FIG. 1 is a communication system diagram in which the present invention is implemented, FIG. 2 is a transmission system configuration example diagram of a fixed station in FIG. 1, FIG. 3 is a configuration example schematic diagram of a diversity receiving device of a mobile station, and FIG. Is an example of the modulation signal spectrum used in the HF line, FIG. 5 is a time chart for making one-phase two-phase PSK modulation signal wave in the sub-channel shown in FIG. 4, and FIG. 6 is a PSK demodulator Relationship between phase change and output voltage, FIG. 7 is a diagram showing a configuration example of a 4-phase PSK modulation wave generation circuit, and a relationship between a code for generating a PSK signal and a modulation vector, and FIG. Fig. 9 is a waveform diagram of each part of Fig. 8, Fig. 10 is a diagram showing a comparison of the signal component and noise component of a 4-phase PSK wave, and Fig. 11 is an FSK modulated wave. 2 is an example of the signal spectrum of Fig. 12, Fig. 12 is an example of the configuration of the FSK modulated wave receiving side device, Fig. 13
The figure is a time chart of data transmission / reception according to the present invention. A ₀ ... fixed station, A _{1 to} A _n ... mobile station, ₁ to _n ... transmission frequency, △ ... occupied bandwidth, ₁₀ to _{1 n} ... sub frequency, θ ... phase, RX ... receiver , TX …… Transmitter, 21 ……
Transmitter terminal, 22 ... Modulator, 23 ... Distributor, 33, 34 ... Demodulator, 35 ... S / N comparator, 36 ... Switching circuit, 37 ... Control circuit, 38 ... Reception terminal, 71 …… Carrier oscillator, 72 …… Distributor, 73 …… Attenuator, 74,76 …… Modulator, 75 …… π / 2 phase shifter, 77 …… Mixer, 81,82 …… Distributor, 83, 84 ... code processor, 85 ... π / 2 phase shifter, 86 ... attenuator, 87 ... delay circuit, 88 ... π / 4 phase shifter, 89, 810 ... product circuit, 81
1,814 …… DC amplifier, 812,815,819 …… Integrator, 81
3,816,820 …… Sampling circuit, 817 …… Switcher, 81
8 …… S / N synthesizer, 821 …… differentiator, 826 …… Crystal oscillator,
827 …… divider, 828 …… timing generator, 829 ……
Switching device, 830 ... S / N switching device, 831 ... switching device, 832 ... reception control unit, 121, 122 ... distributor, 123, 124 ... code processing device, 125, 129, 130, 131, 138,141 …… Amplifier, 126,1
27,128 …… Band wave detector, 132,133,134 …… Diode detector, 135 …… Differential amplifier, 136,137 …… Adder, 13
9,142 …… Integrator, 140,143 …… Sample circuit, 144,1
46 …… differential circuit, 145 …… comparator circuit, 148 …… crystal oscillator, 149 …… divider, 150 …… timing generator circuit, 151
...... Switch.

Claims (1)

[Claims] 1. Digital data transmission in a broadcast format is performed between a fixed transmission station and an arbitrary number of reception stations, and a plurality of subchannels are arranged within the transmission band of a transmission wave from the fixed transmission station side, and digital data is provided for each subchannel.

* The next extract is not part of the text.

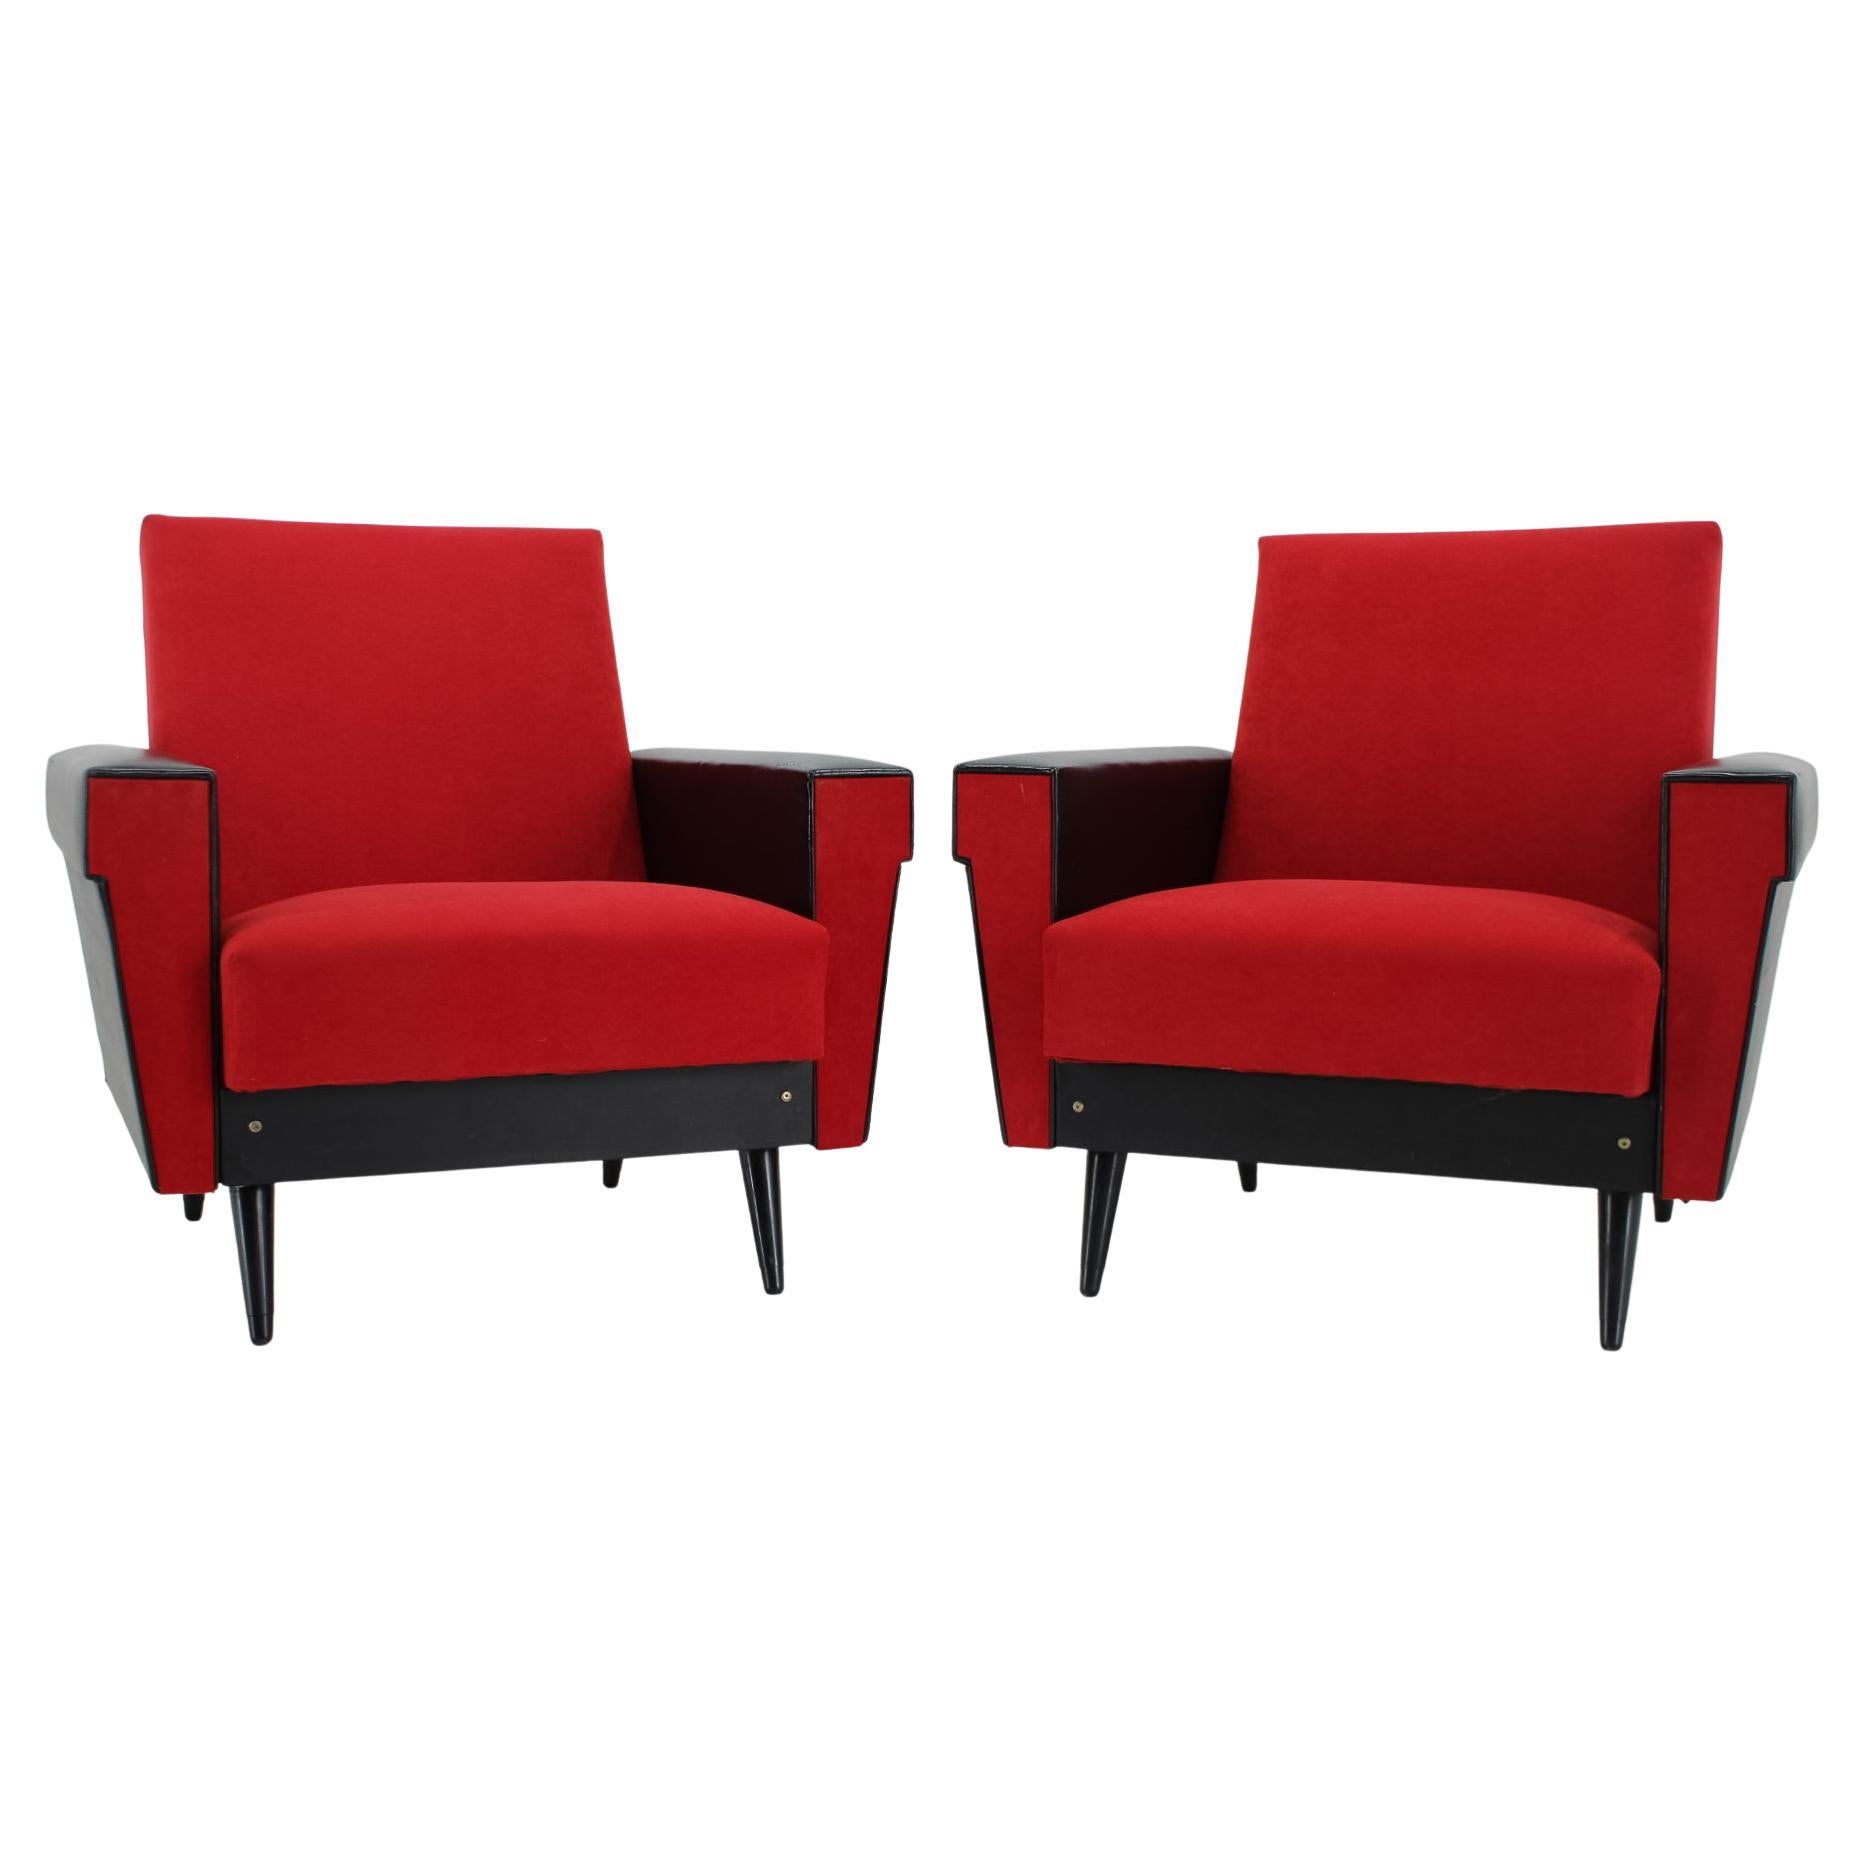 1970's Pair of Leatherette and Red Fabric Armchairs, Czechoslovakia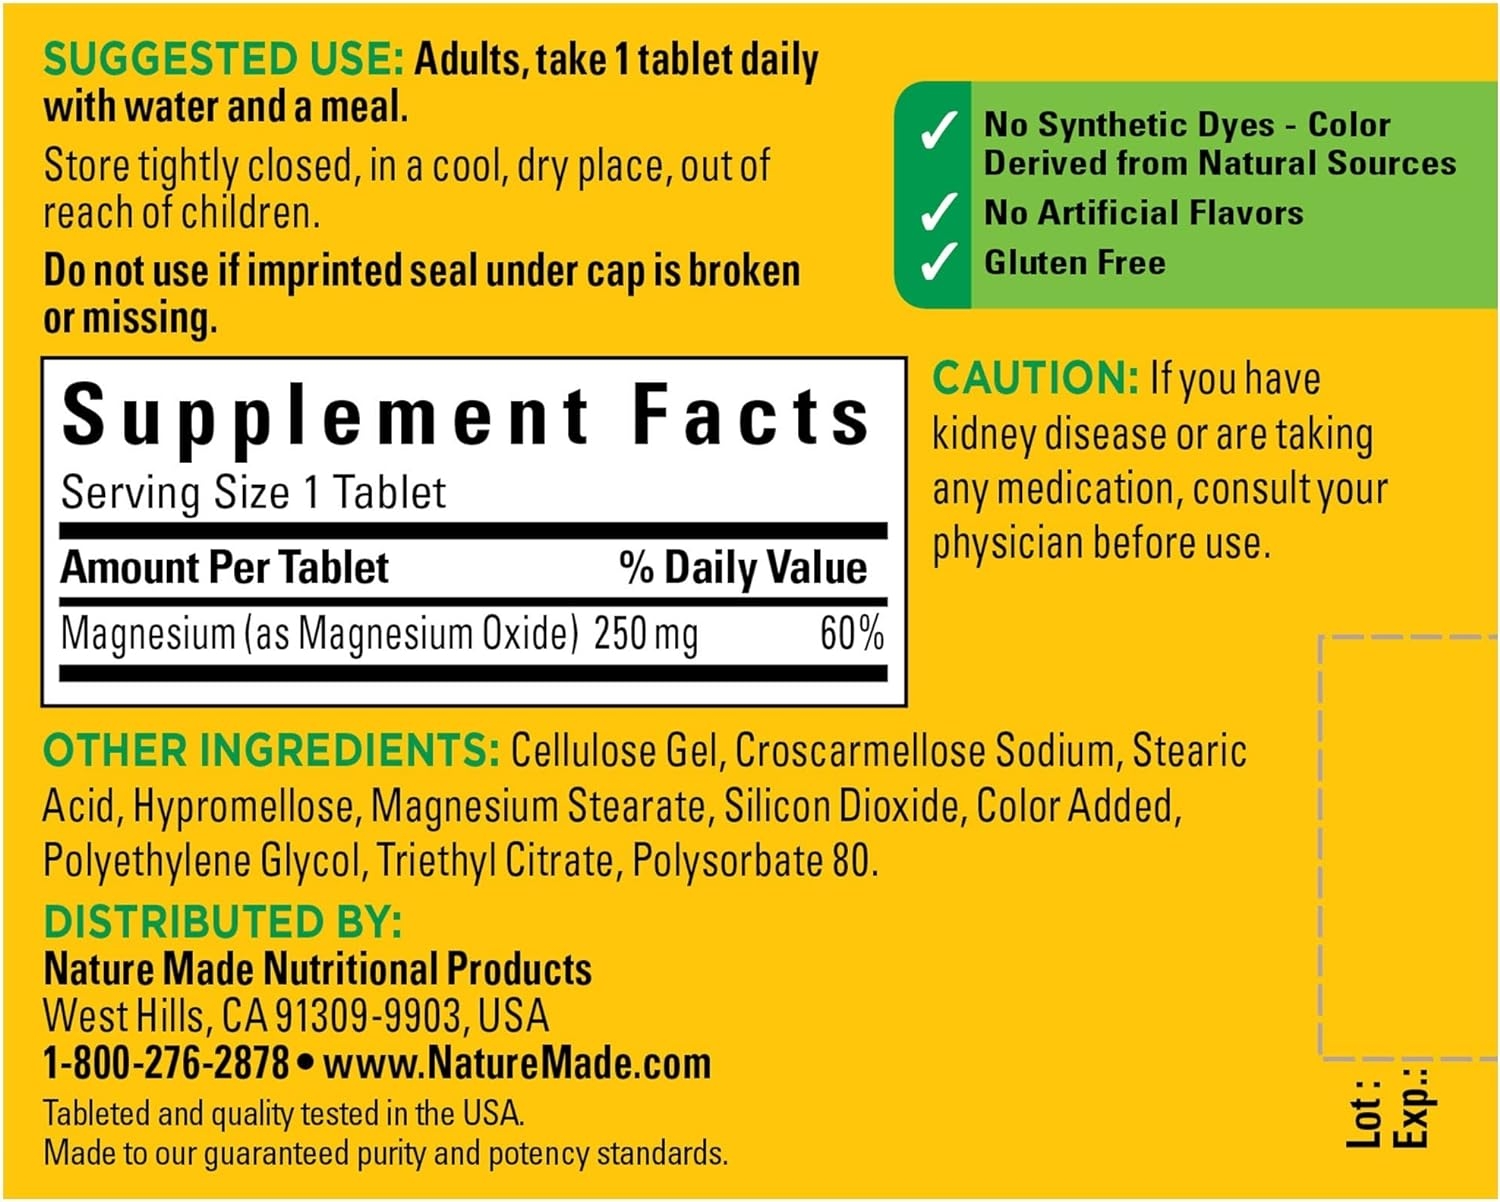 Nature Made Magnesium Oxide 250 mg Tablets, 100 Count for Nutrition Support

When transmitting a signal modulated by data, each receiving station is equipped with two sets of antennas and receiving units based on the polarization plane incident angle and space diversity.
The signals are received by the system reception method, demodulated and detected for each sub-channel in each reception system, and each reception system outputs the detection output of one channel among the plurality of sub-channels in S bit units.
/ N signal, the S / N signals of both receiving systems are constantly compared and judged, and only the receiving system with the better S / N is selected and received at the same time. Data and S / N information are extracted by synchronizing the timing clock with the S / N judgment extraction clock,
A method for receiving a data signal, characterized in that a single timing circuit corrects the bit synchronization extraction of the reception to the phase timing with the better S / N and receives the data.